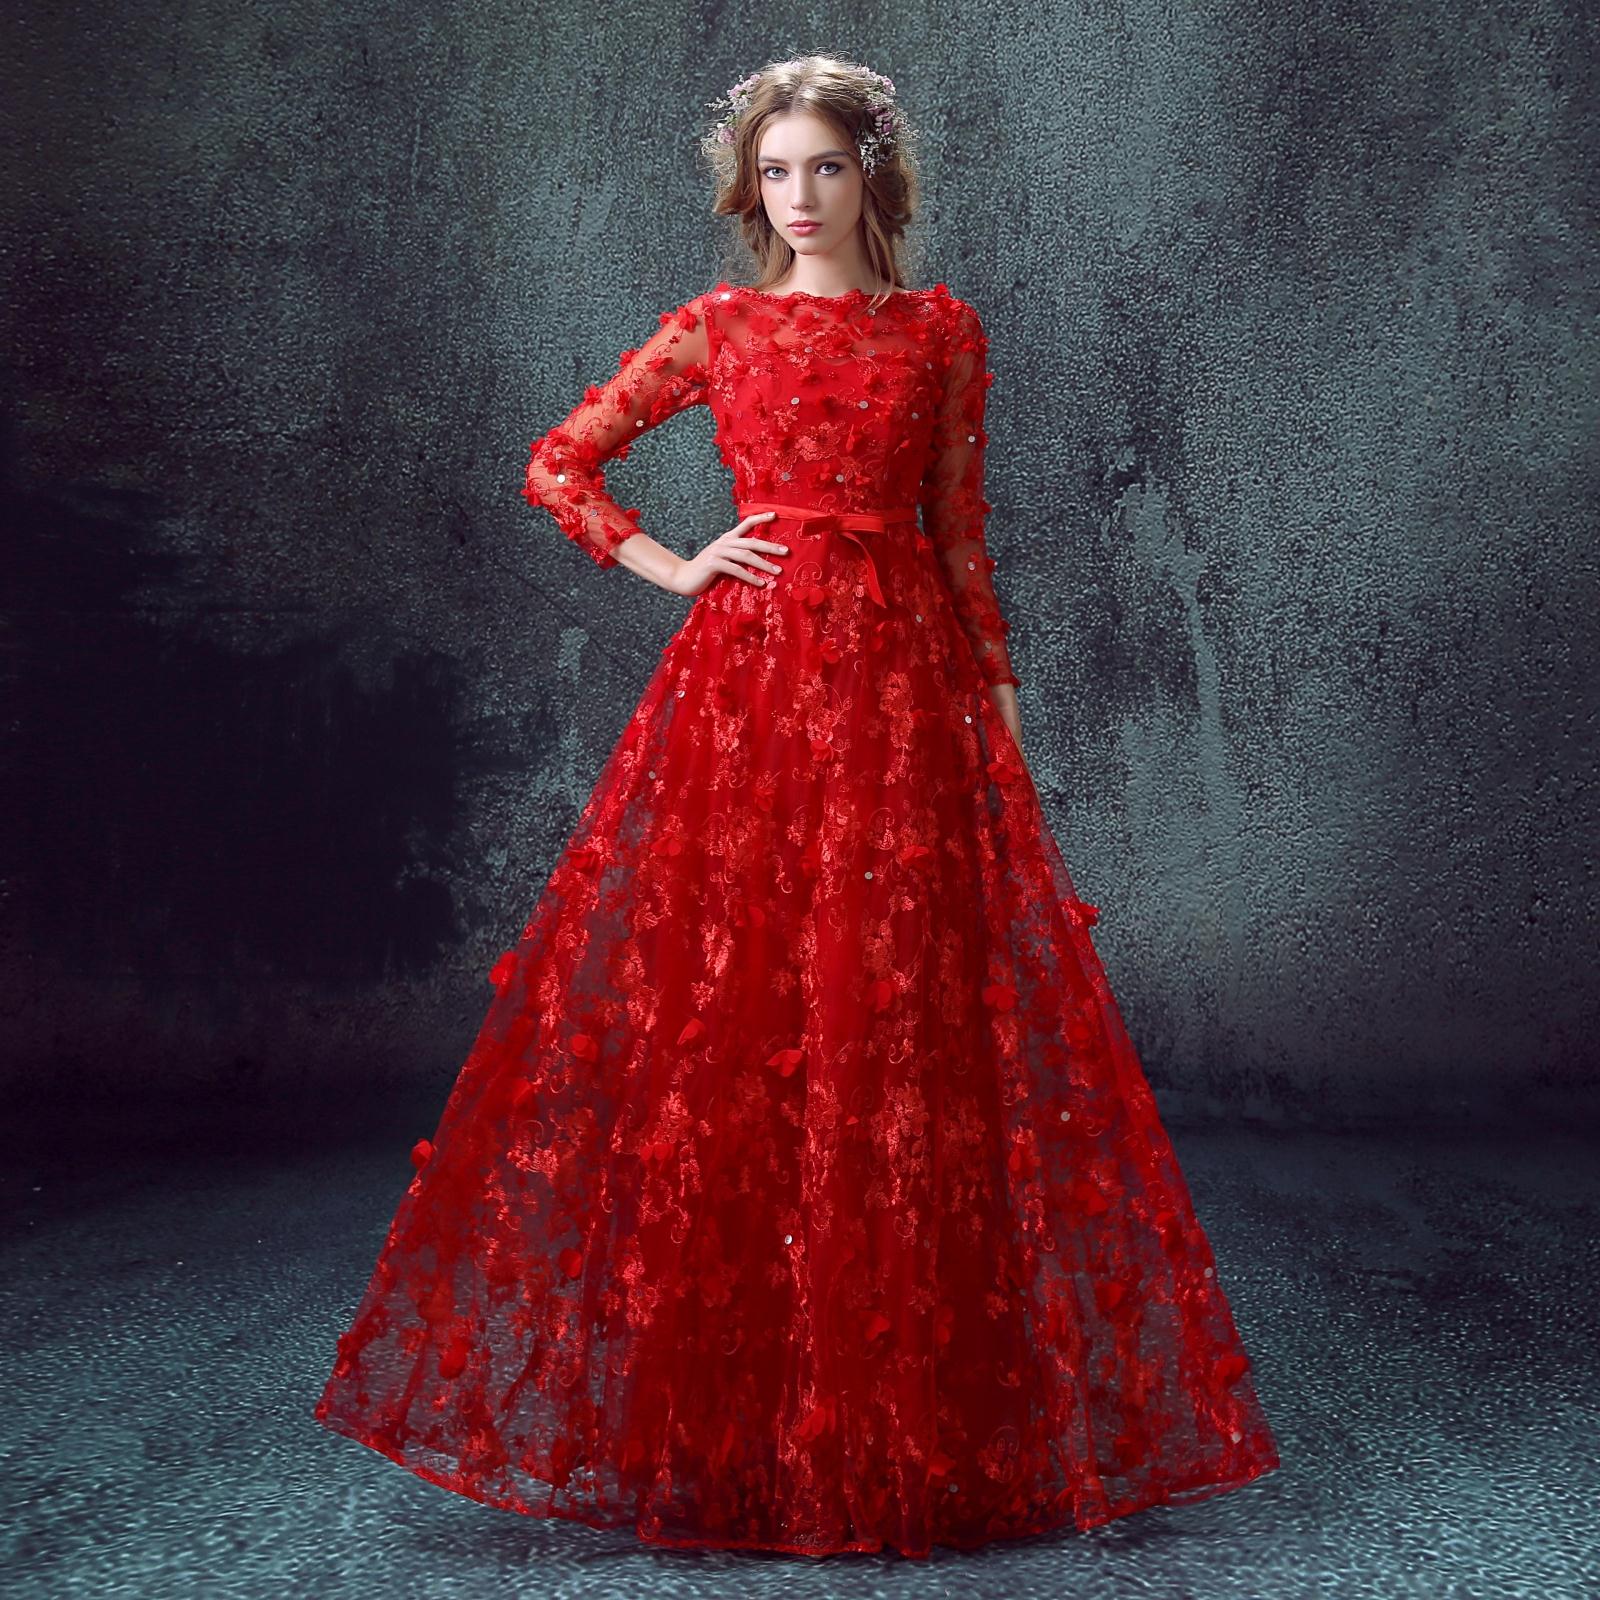 Buy THE LONDON STORE Women's Festival Red Evening Dress V-Neck Full Sleeve  Butterfly Appliques High-end Lace Ball Gown at Amazon.in
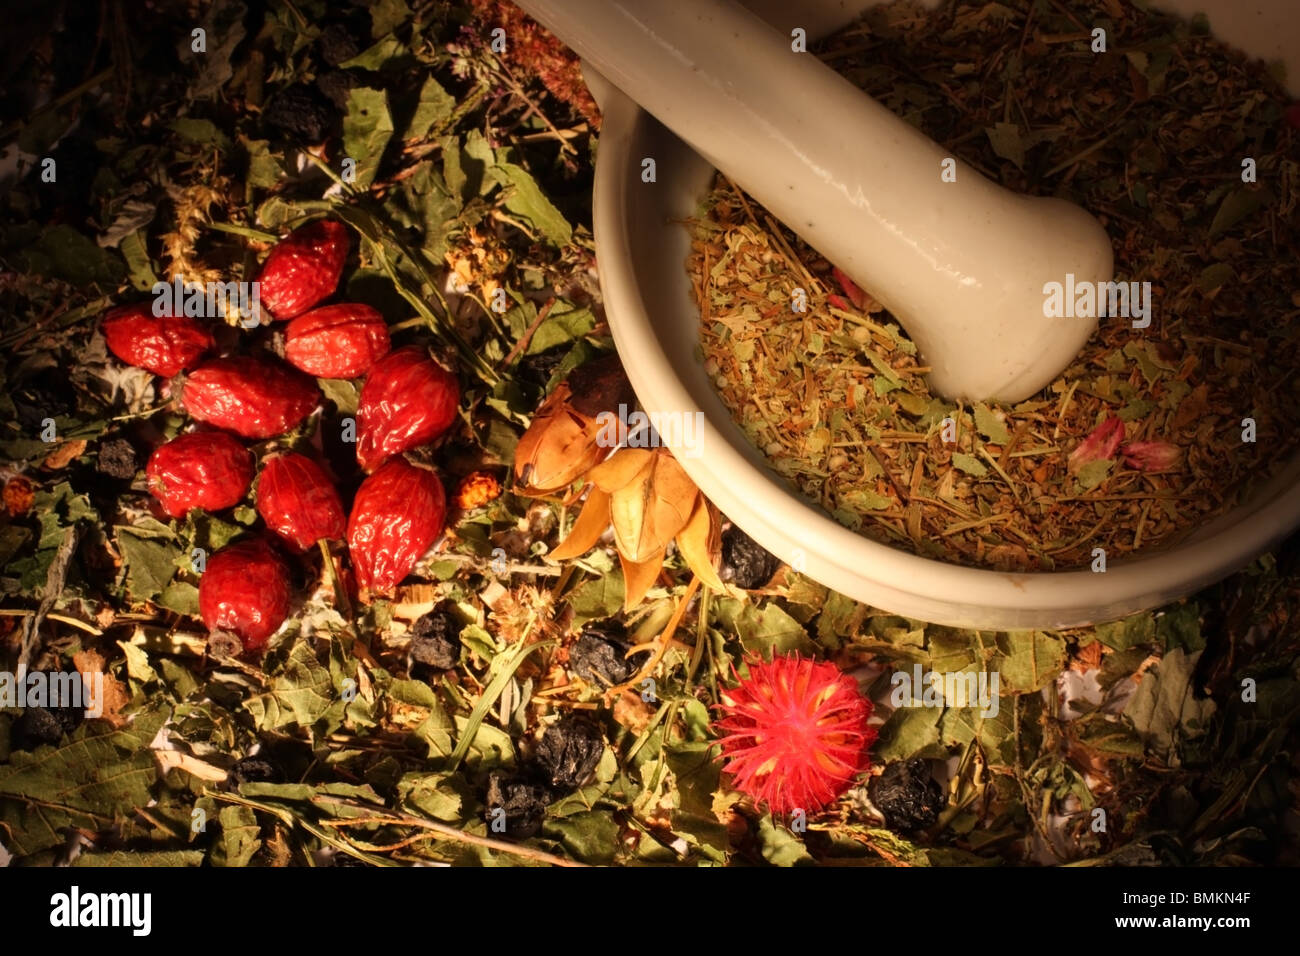 Mortar and pestle with dry herbs and hips Stock Photo
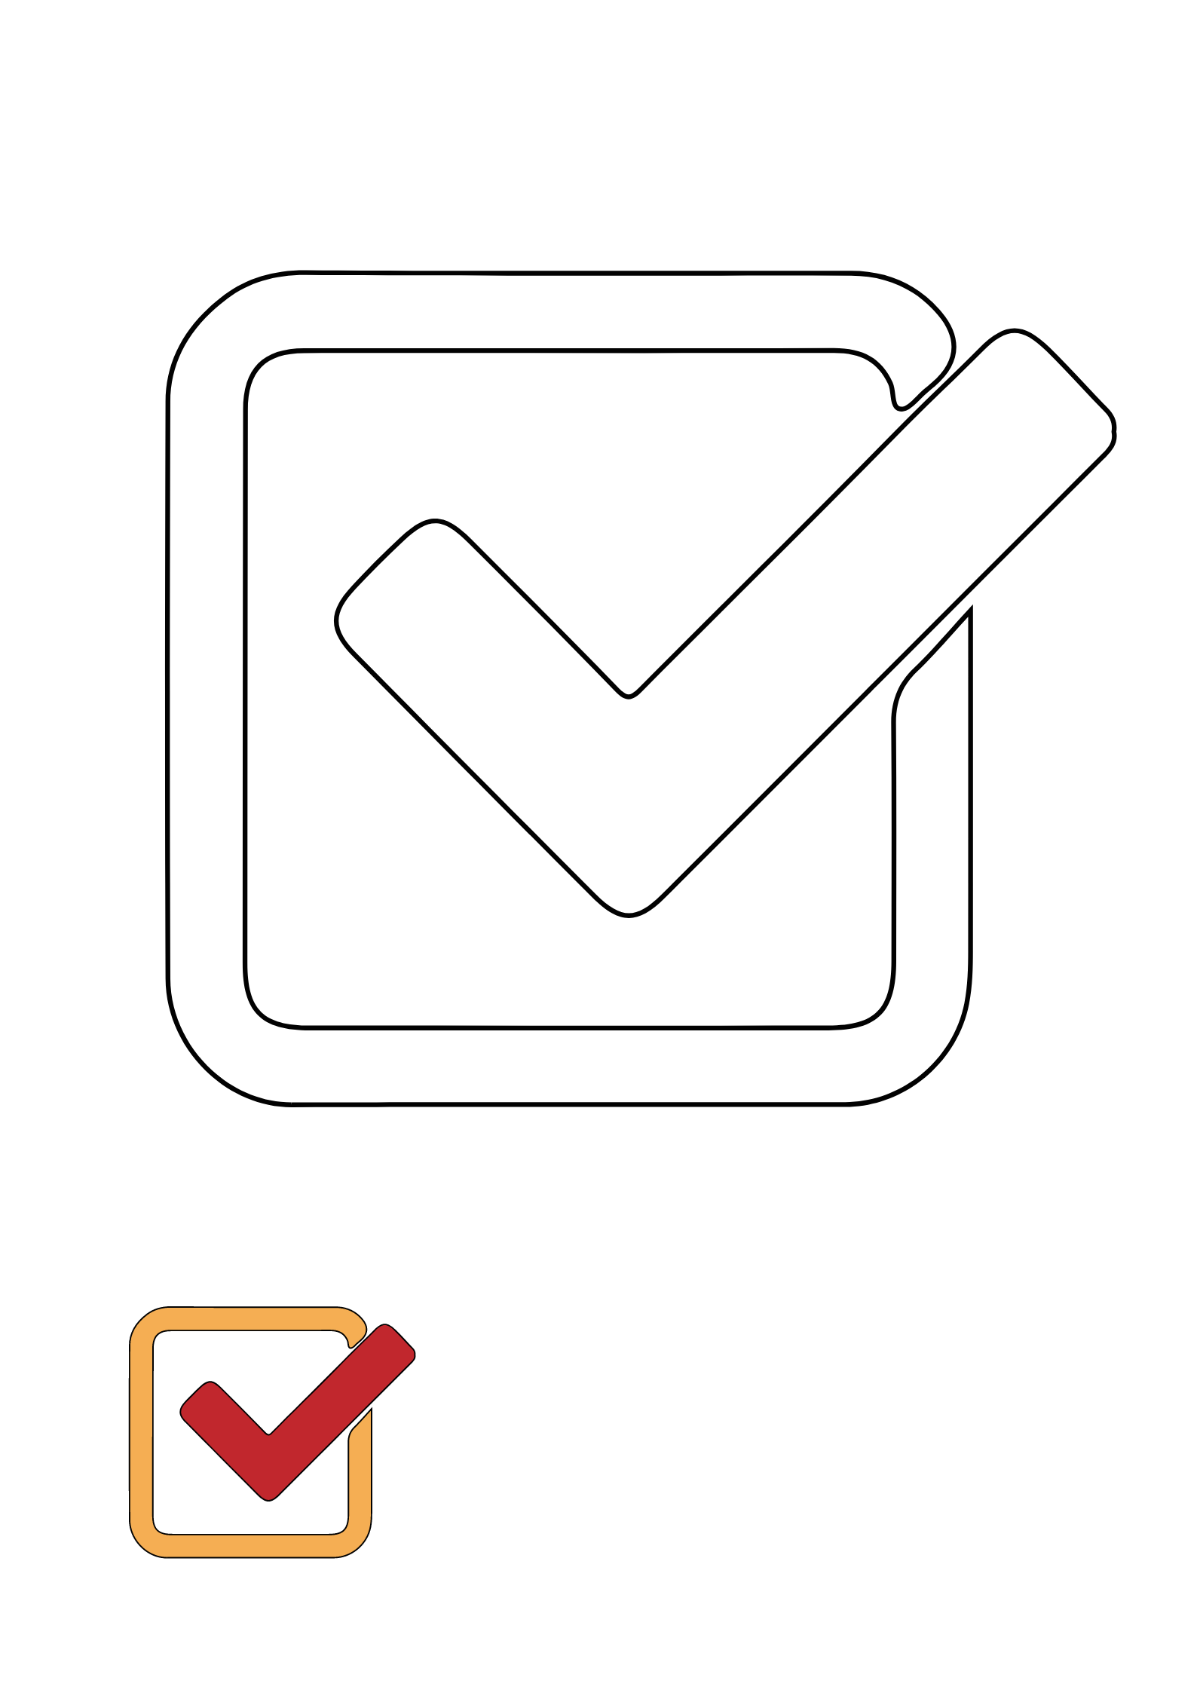 Free Correct Check Mark coloring page Template

§ EXERCISE DETAILS
The listing above must be repeated exactly. Its pictures are not part of the copy.

§ EXERCISE SOLUTION
 Buy THE LONDON STORE Women's Festival Red Evening Dress V-Neck Full Sleeve  Butterfly Appliques High-end Lace Ball Gown at Amazon.in
 Mortar and pestle with dry herbs and hips Stock Photo
 Free Correct Check Mark coloring page Template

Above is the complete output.